Publication: High-resolution dissection of cis-regulatory elements
Open/View Files
Date
Authors
Published Version
Published Version
Journal Title
Journal ISSN
Volume Title
Publisher
Citation
Abstract
Gene expression is a highly regulated process that governs almost all aspects of life. Precise gene regulation guarantees that every cell selectively expresses a subset of all genes to perform specialized cellular functions. Therefore, dysregulated gene expression often leads to disease and is implicated in aging. A key step of eukaryotic gene regulation is transcriptional regulation, where protein factors such as transcription factors (TFs) and nucleosomes bind to cis-regulatory elements (CREs) in the genome to determine the transcription of target genes. Our understanding of gene regulation therefore heavily depends on our ability to observe the action of regulatory proteins on genomic DNA, and scientists have worked for decades building ever better technologies to measure protein-DNA interactions at regulatory elements. This dissertation presents technological advances that allows measurement of protein-DNA interaction at cis-regulatory elements with significantly improved cellular (cell-type/state- resolved), genomic (single base-pair), and molecular (single molecule) resolution.
First, we describe PRINT and seq2PRINT, which are computational methods for tracking transcription factor and nucleosome binding within cis-regulatory regions using single-cell ATAC-seq (scATAC-seq) data. PRINT detects footprints of DNA-binding proteins across spatial scales by accurately modeling enzymatic sequence bias and signal dispersion using machine learning. Using pseudo-bulked scATAC-seq, PRINT achieves cell-type- and cell-state-resolved TF and nucleosome footprint landscapes in systems with complex cell type composition and across hundreds of thousands of CREs genome-wide. Building upon PRINT, we describe seq2PRINT, which is a deep-learning model that uses local DNA sequence as the sole input to predict footprint patterns in the same locus. By extracting sequence features learned during training, seq2PRINT can accurately predict TF binding events with single base-pair resolution.

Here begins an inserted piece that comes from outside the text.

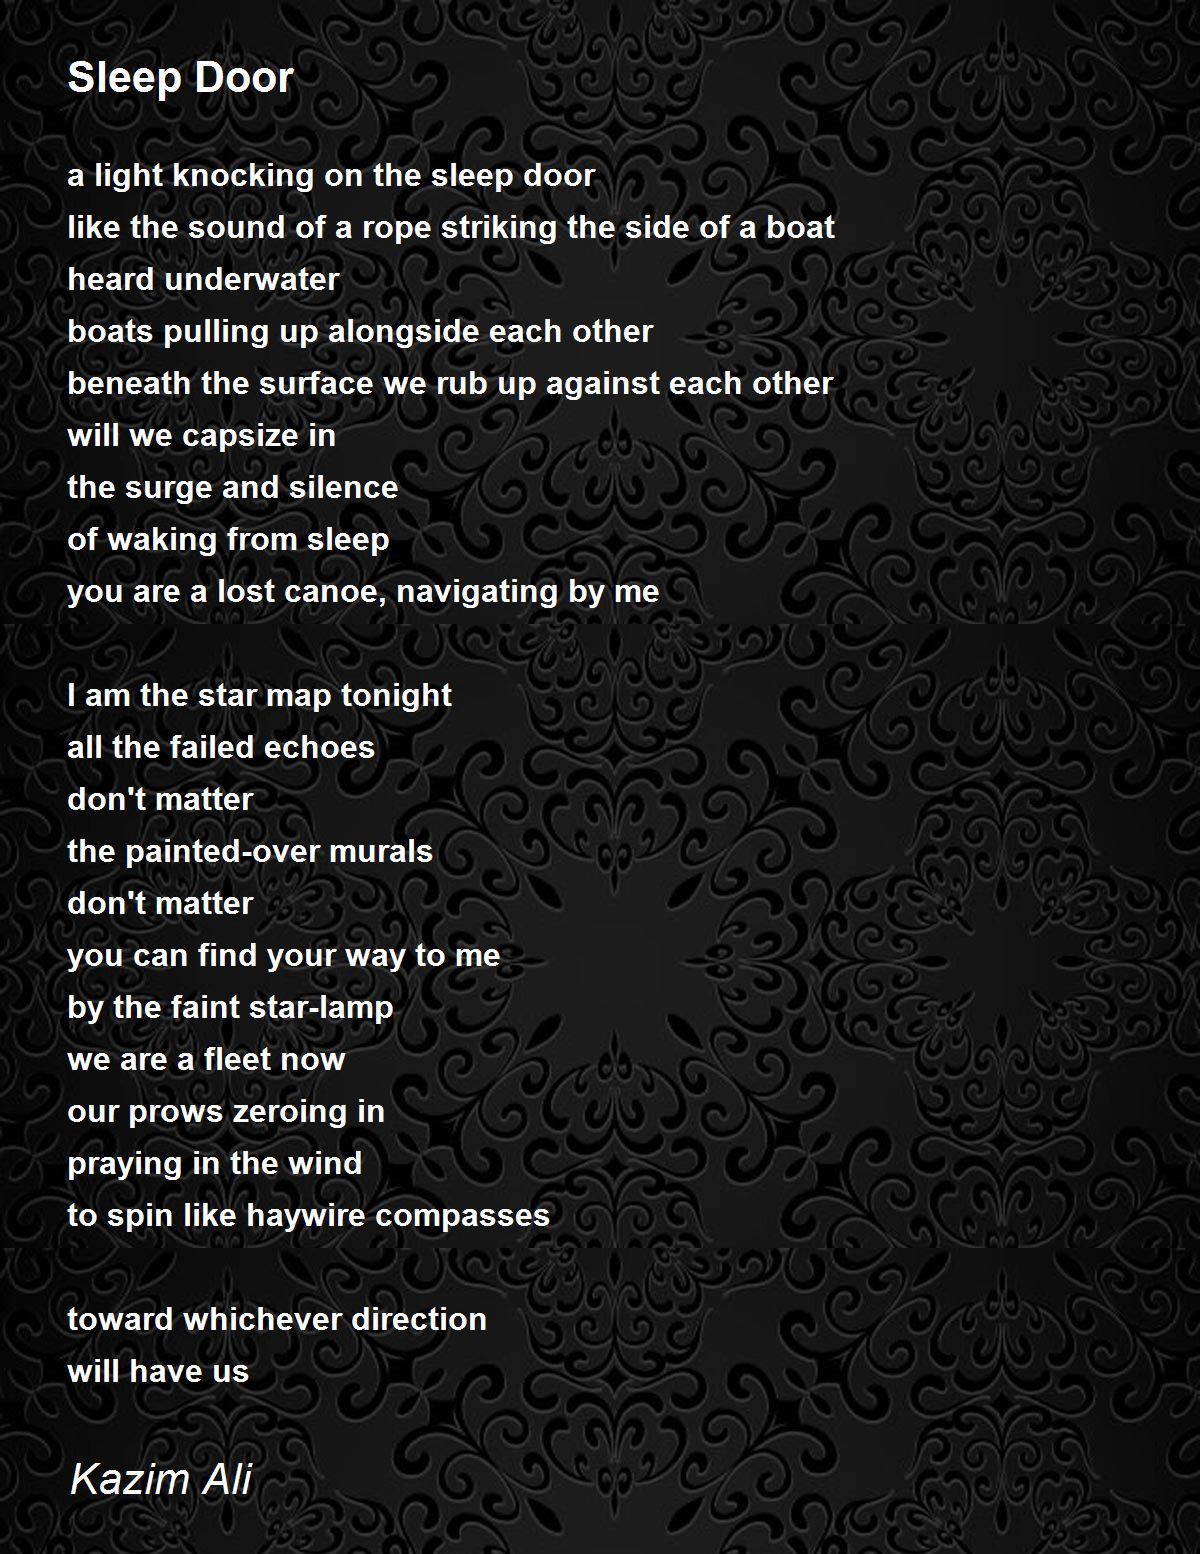 Sleep Door - Sleep Door Poem by Kazim Ali

Aided by low-rank approximation (LoRA), we can scale up seq2PRINT to hundreds of samples or cell-type/states. With PRINT and seq2PRINT, we reveal complex dynamics of TF and nucleosome binding within CREs in human hematopoiesis with unprecedented cell state and genomic resolution. We show that many CREs display distinct combinations of TF binding across cell types undetectable in traditional accessibility-based analyses. We further use PRINT and seq2PRINT to characterize murine hematopoietic stem cell (HSC) aging and show widespread reorganization of CREs and identify age-associate TF cooperations.

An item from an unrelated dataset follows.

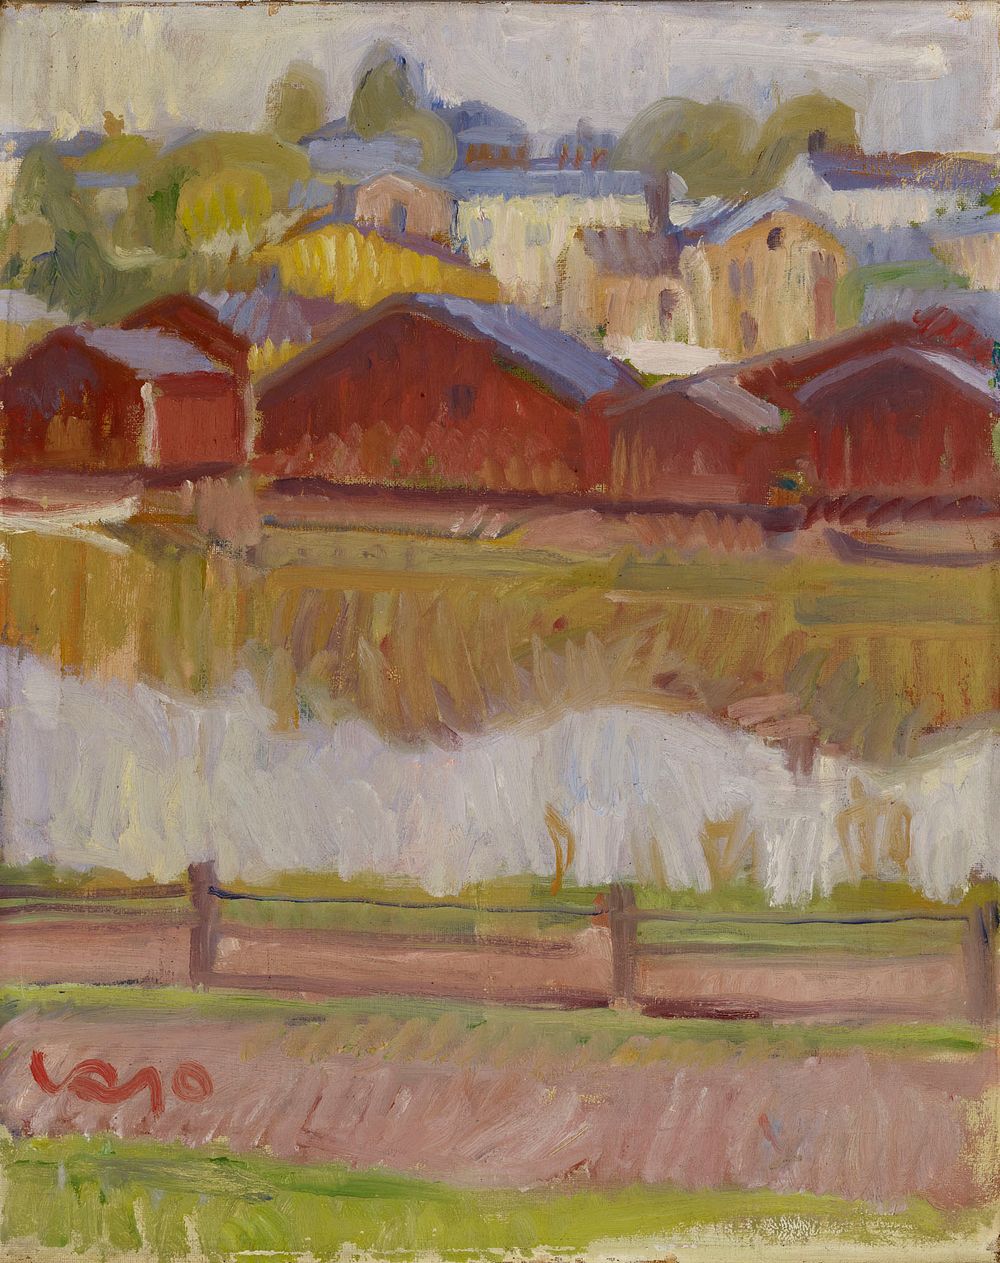 Riverside sheds in porvoo, 1910, Valle Rosenberg

Second, we describe TDAC-seq, which is a technology that achieves single-molecule long-read profiling of chromatin accessibility and protein footprints using a double-strand DNA deaminase DddA11. We show that DddA11 can introduce C-to-T mutations in DNA regions that are accessible and unprotected from proteins, allowing accessibility and footprint measurements with nanopore sequencing. We show that TDAC-seq allows simultaneous read out of chromatin organization and genetic perturbations such as deletions introduced by CRISPR Cas9 or A-to-G mutations introduced by an adenine base editor (ABE). This allowed high throughput pooled CRISPR screen or ABE screen where the effect of each deletion/editing outcome on local chromatin organization can be individually assessed.
In summary, the body of work presented in this dissertation resolved several long-standing technological challenges in measuring chromatin-level biological processes in gene-regulation. The technologies described enable cell-type/state-resolved single base-pair tracking of regulatory factor binding, as well as single-molecule long-read measurement of chromatin organization, providing powerful new tools for gene regulation studies.